Misconception #1: Higher earnings mean greater wealth. It seems like common sense that if you increase your salary, your savings will increase proportionally. However, research has indicated that the more money we earn, the more we spend. Having more money actually increases our likelihood of making expensive impulse purchases. Instead of trying to increase your revenue, you are better off trying to find ways to save the money you already make.
Misconception #2: Running the air conditioning in your car uses more gas. Many people believe that using the air conditioning in your car will increase your fuel consumption. This is not true. It can put more strain on your engine, but it does not use a greater amount of gas.
Misconception #3: Buying in bulk saves money. We have all been taught that the more we buy at one time, the more money we save in the long run. Be especially careful when applying this idea to groceries. The savings per unit will often only be minimal and the idea of getting a “good deal” can sometimes supersede our rational mind and we end up with far too much of something we do not really need. This can be problematic, especially with perishables. If you do not use what you buy, you can end up throwing away half of your purchases.

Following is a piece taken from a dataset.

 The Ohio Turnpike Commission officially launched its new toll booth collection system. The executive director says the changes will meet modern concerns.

Misconception #4: Zero percent currency exchange commission. If you try to make a little money trading foreign currency, you have probably seen advertisements for services that offer zero percent commission on your exchange. Although tempting, research has shown that companies offering this sales gimmick often add a margin, in other words, a mark-up, to their exchange rates. So while you may not have a commission fee in the traditional sense, you still pay extra money due to the high exchange margin. The official exchange rate is really the only indicator of which currency trades will make you money.

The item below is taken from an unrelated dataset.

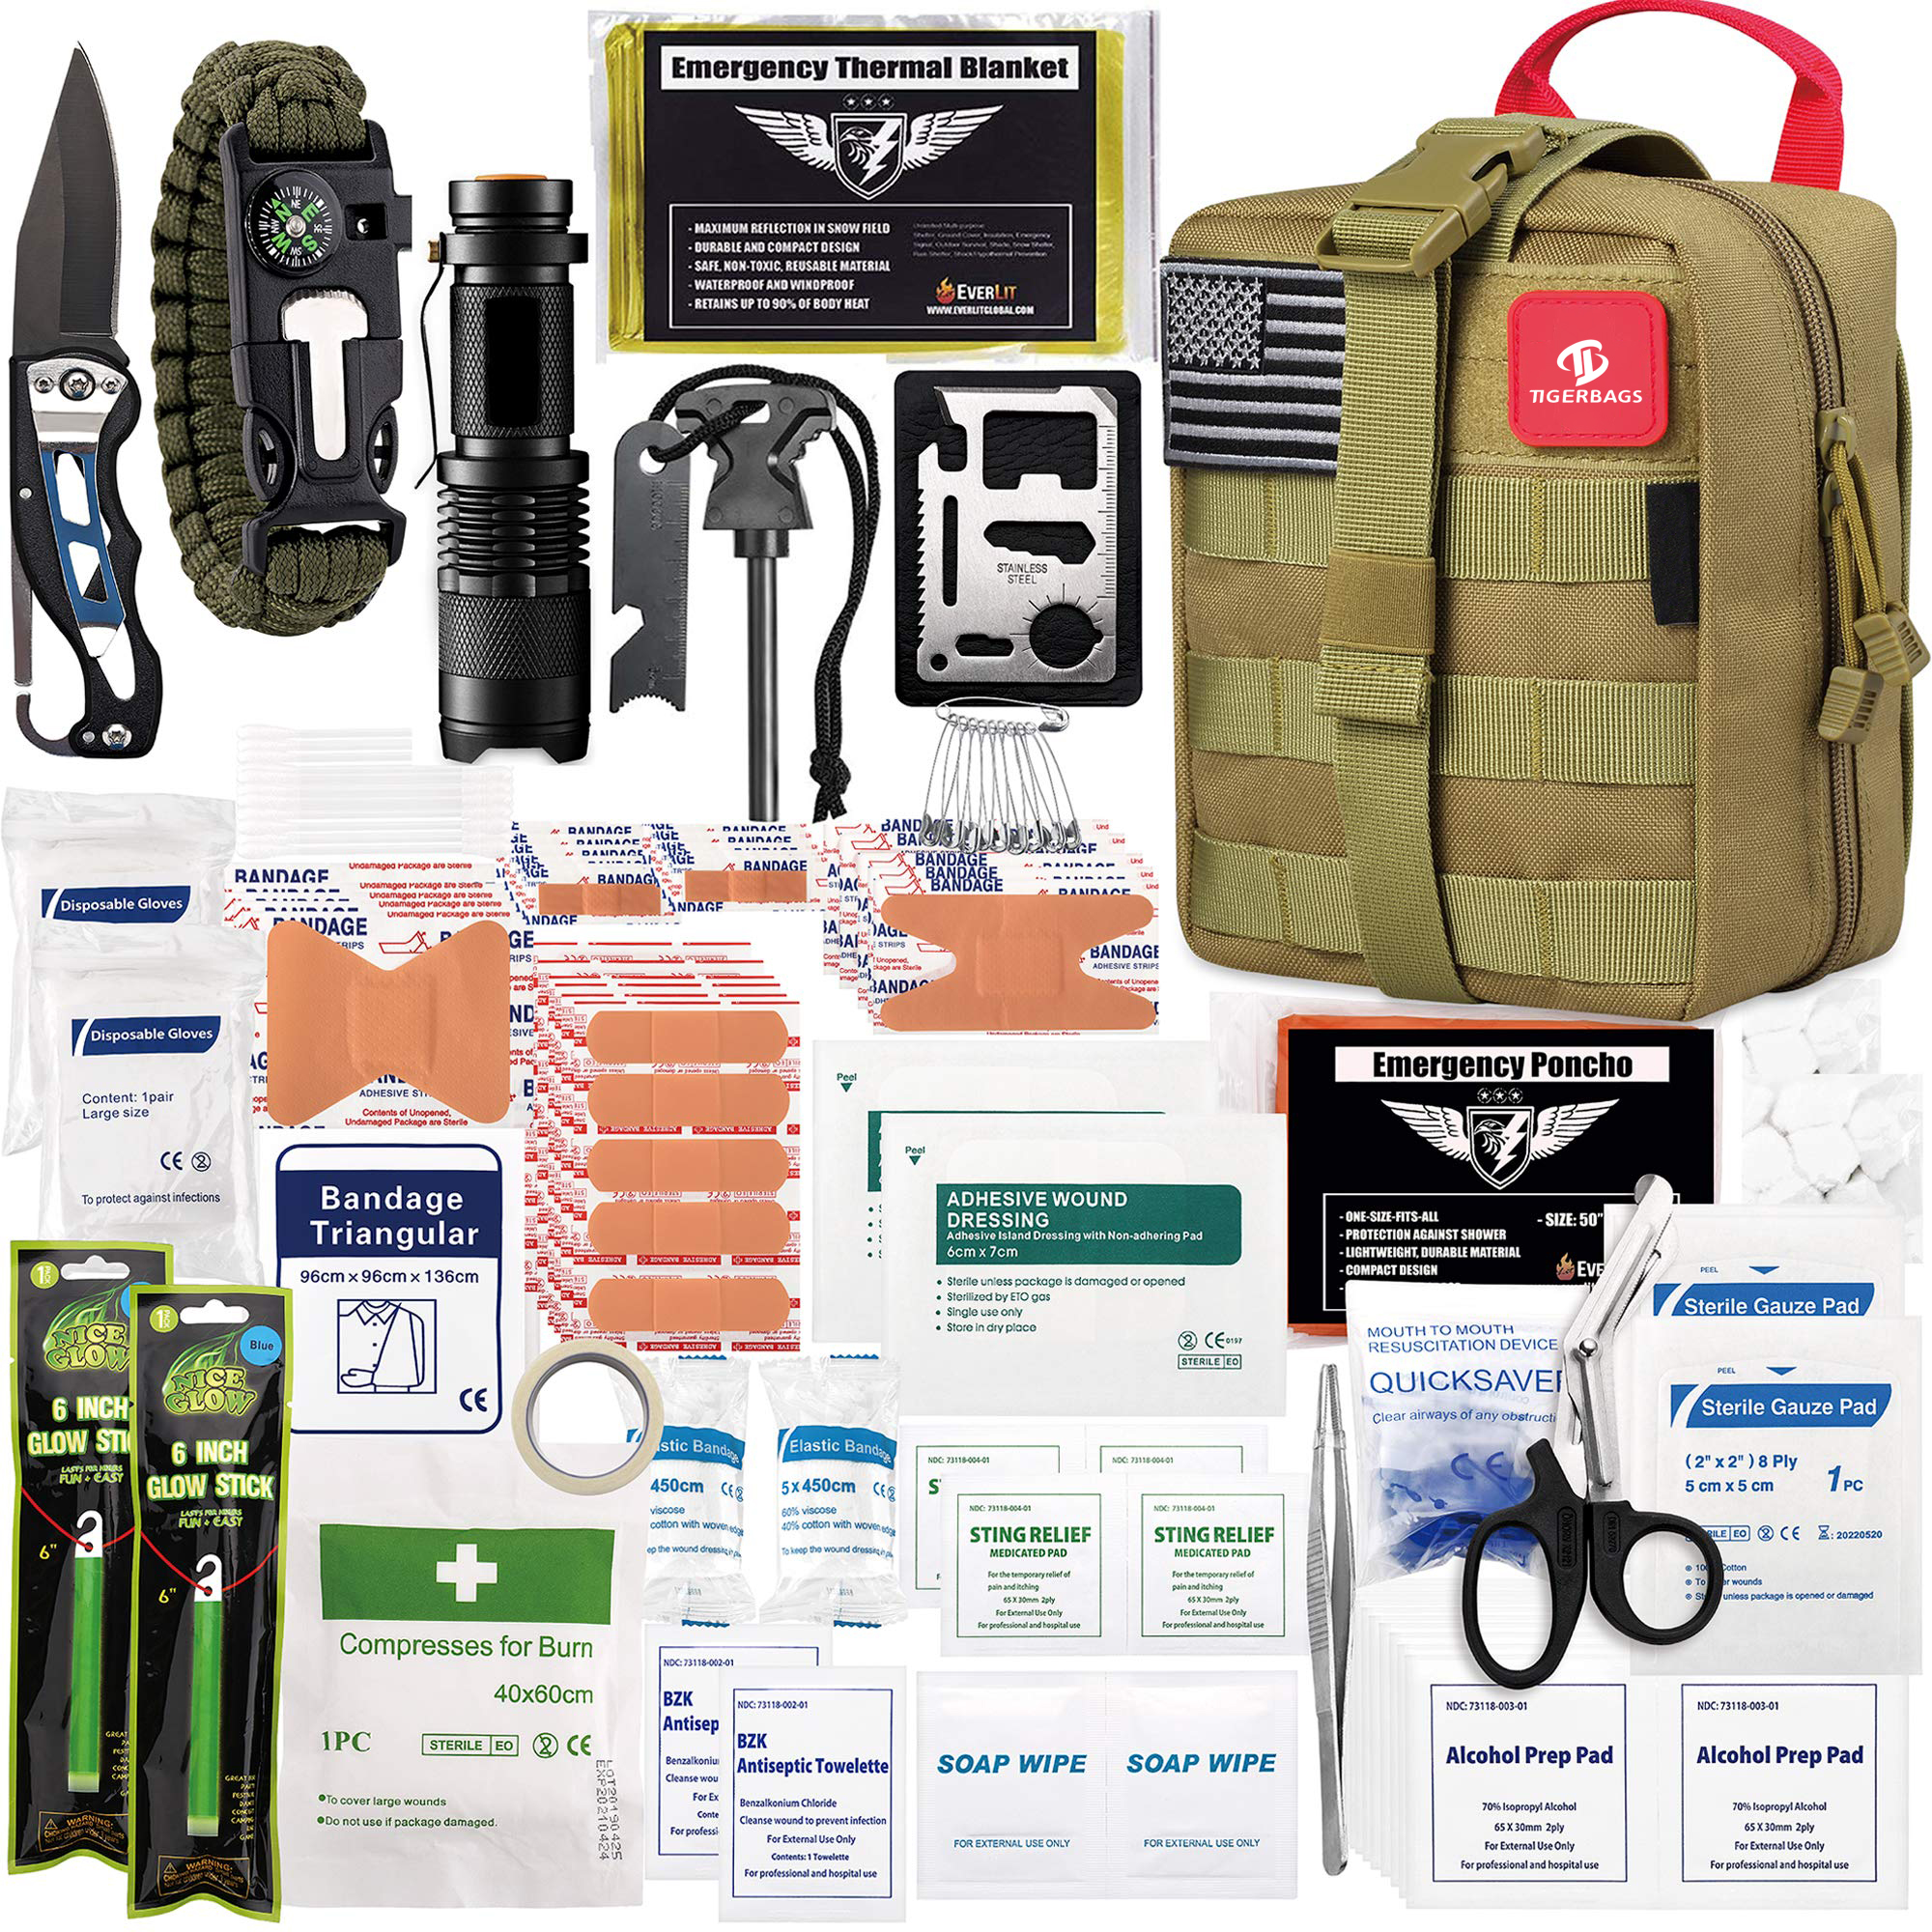 Survival Survival first aid kit Outdoor gear emergency kit Trauma bag  CareFlight and Survival

Misconception #5: Shopping during sales will help you save. Similar to the myth about buying in bulk, shopping at sales does not necessarily save money. Being around supposedly good deals will actually increase your chances of making an impulse buy and spending money on something you do not actually need, simply because it was a “bargain.” Decide exactly what you need before you go shopping and be disciplined about purchasing only those items you truly need.